The difference 1% makes
To her surprise, Hjort says that they found striking differences between the cortisol levels of children who had received the family therapy and those that had not, and at the same time there were modest changes in epigenetic signatures – from 1% to 10% methylation difference, which is considerable for epigenetic studies.
However, the finding should be taken with a grain of salt, Hjort says. Since epigenetic studies examine so many sites across the genome, researchers need tremendous sample sizes to be certain that the patterns they identify do not result from chance. “You would need maybe 1,000 participants” before drawing firm statistical conclusions, she says.

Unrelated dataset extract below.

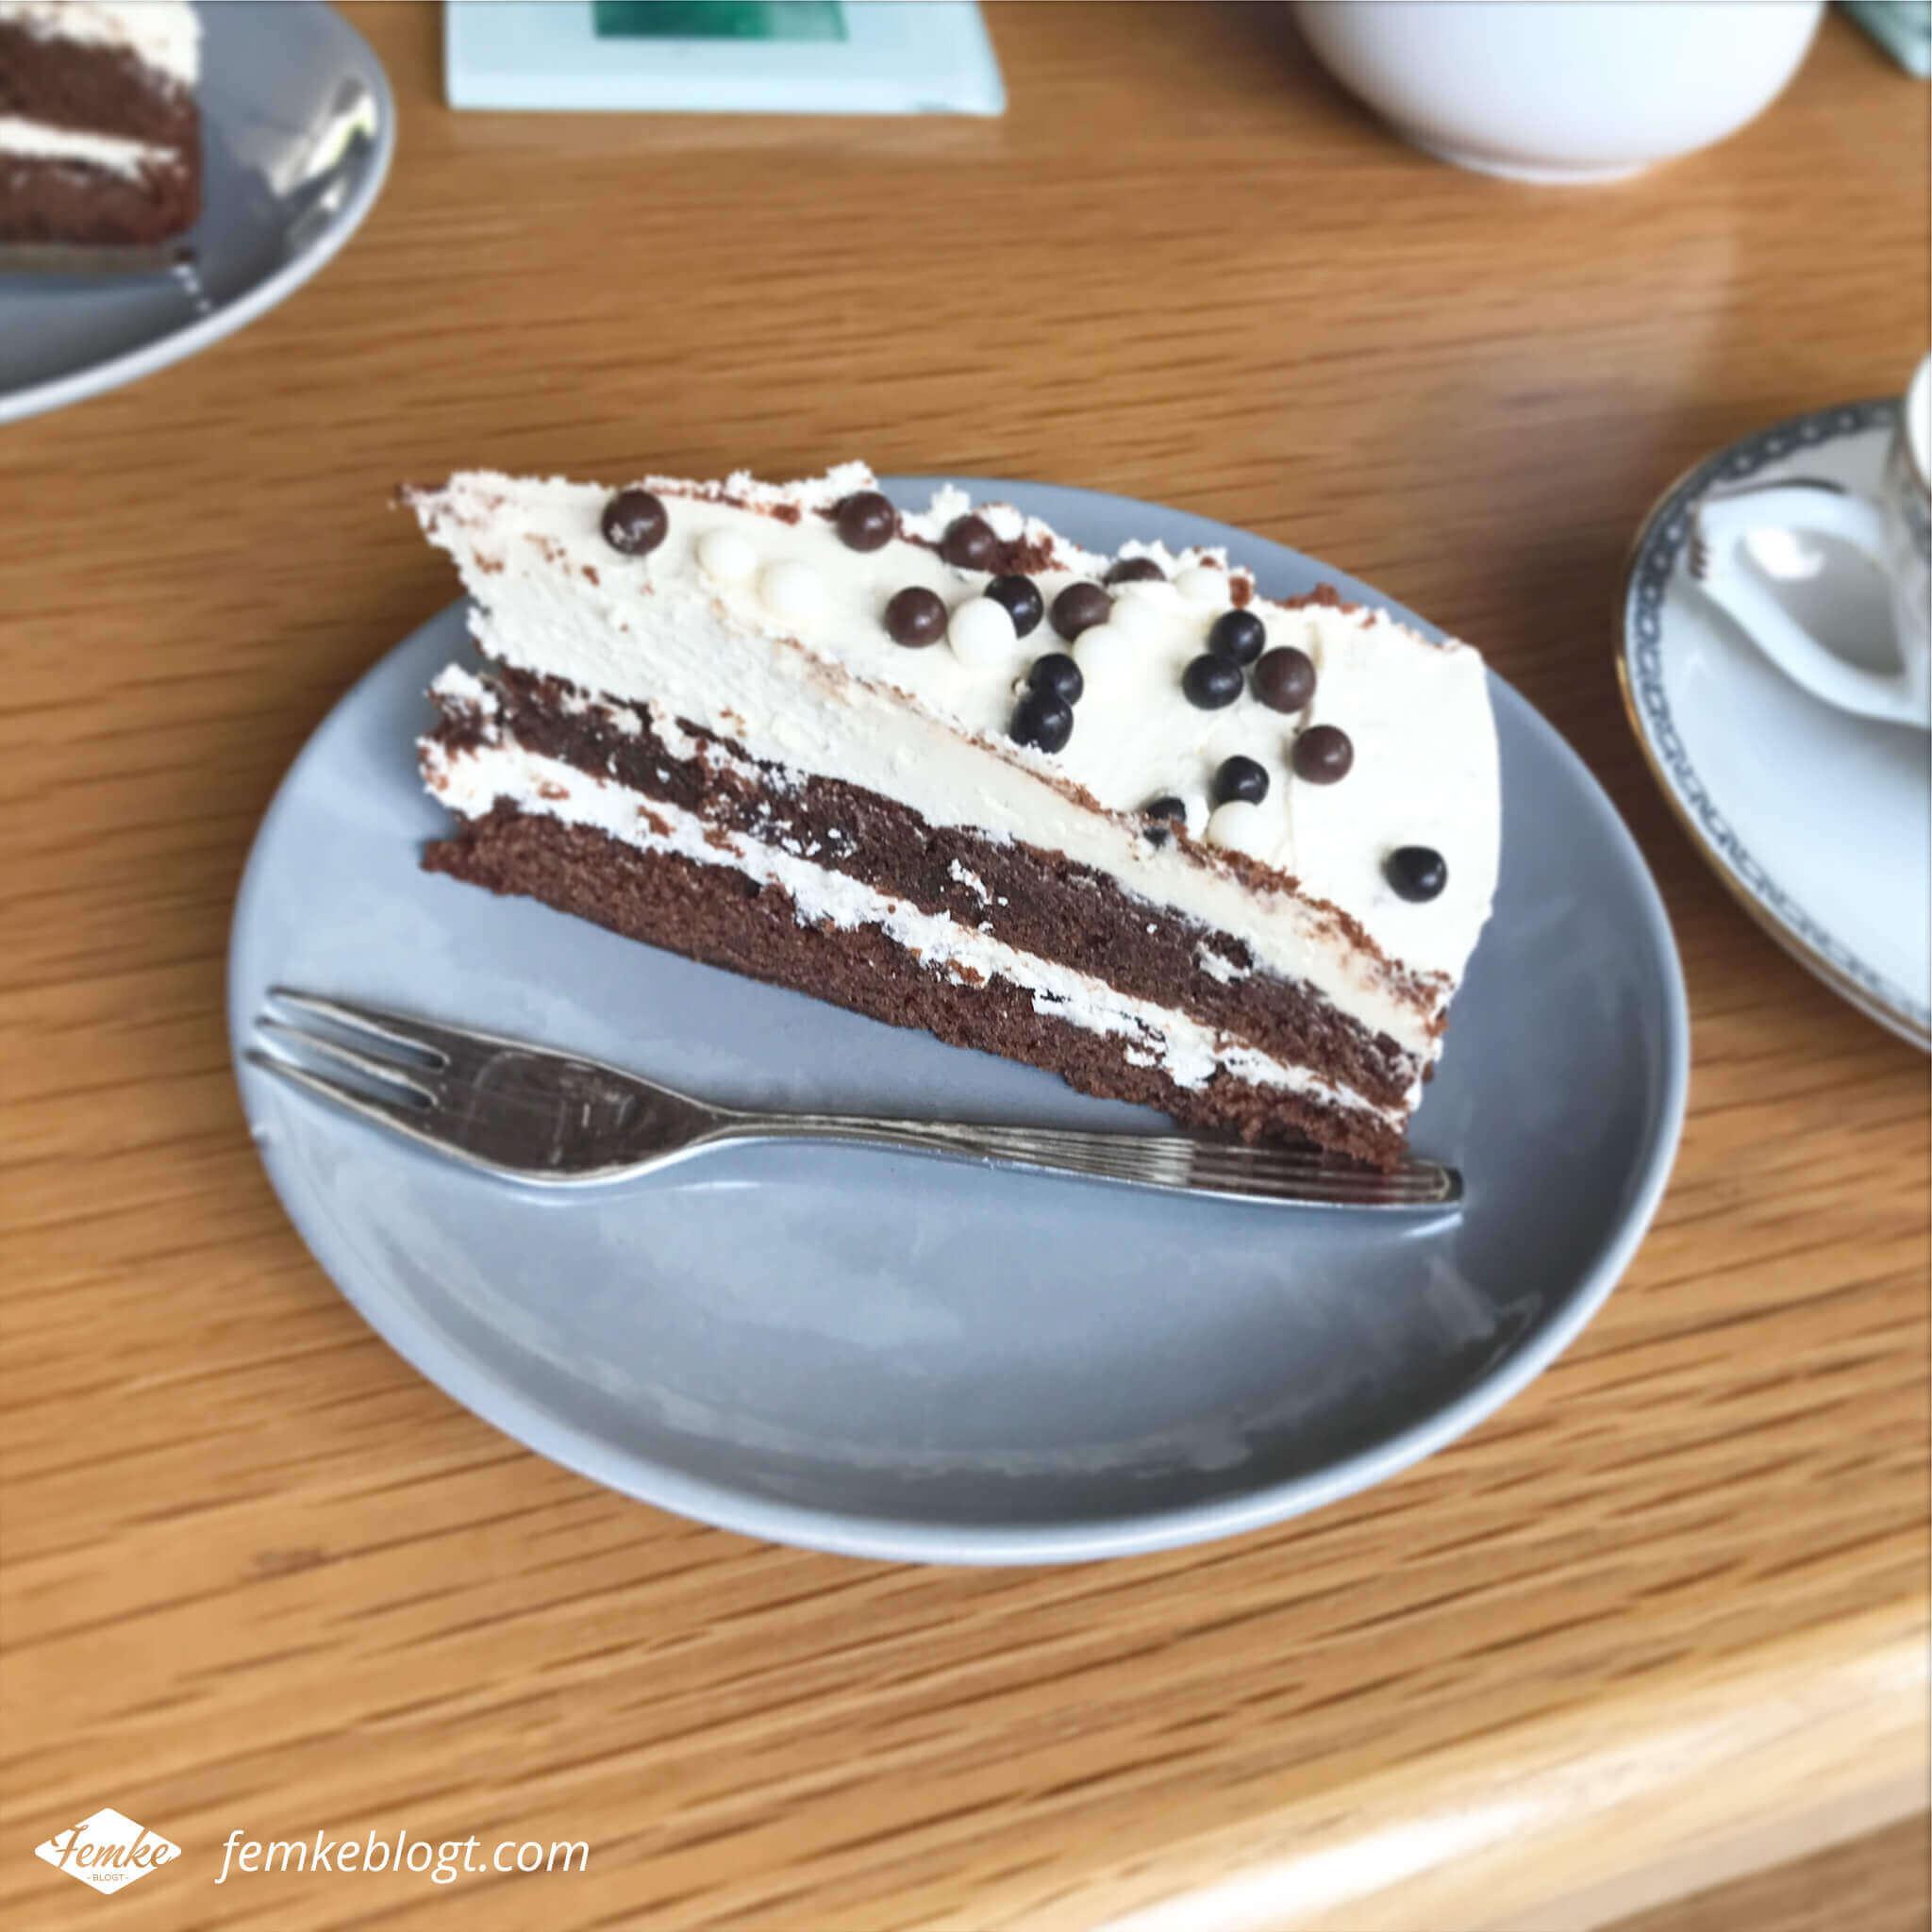 Maandoverzicht september | Chocoladetaart met Bailey's glazuur

Studies of that size have a considerable cost, she adds – each epigenome analysis costs about €400.
Nevertheless, where were these differences in methylation between the children who received therapy and those who did not, and what could they be doing?
Gene linked to trauma resilience
The researchers identified a gene called HM13. HM13 is believed to play an important role in fetal development and has been associated with restricted growth of the fetus andplacental stress during pregnancy. But of greater interest to the researchers, a previous study involving adults with severe mental illness found that differences in the methylation of HM13 were associated with childhood trauma, specifically sexual abuse. Since epigenetic markers can be passed down from parent to child, this could suggest that therapy might be able to mitigate some inherited generational trauma.
Hjort says that several of the other spots with different methylation patterns unfortunately are not well described – in most instances, we do not know what these sections of DNA code for, if anything, or how methylation might affect their activity.
“Methylation changes can affect gene expression, but we do not know how much methylation change corresponds to gene expression change. This is not one to one.”
Hjort says that future studies also need to examine how long any methylation changes caused by therapy last – whether the biological signature persists for days, weeks, months or years after therapy is over is unclear. “A 1% methylation change – does it matter? Over a lifetime, it may,” Hjort says.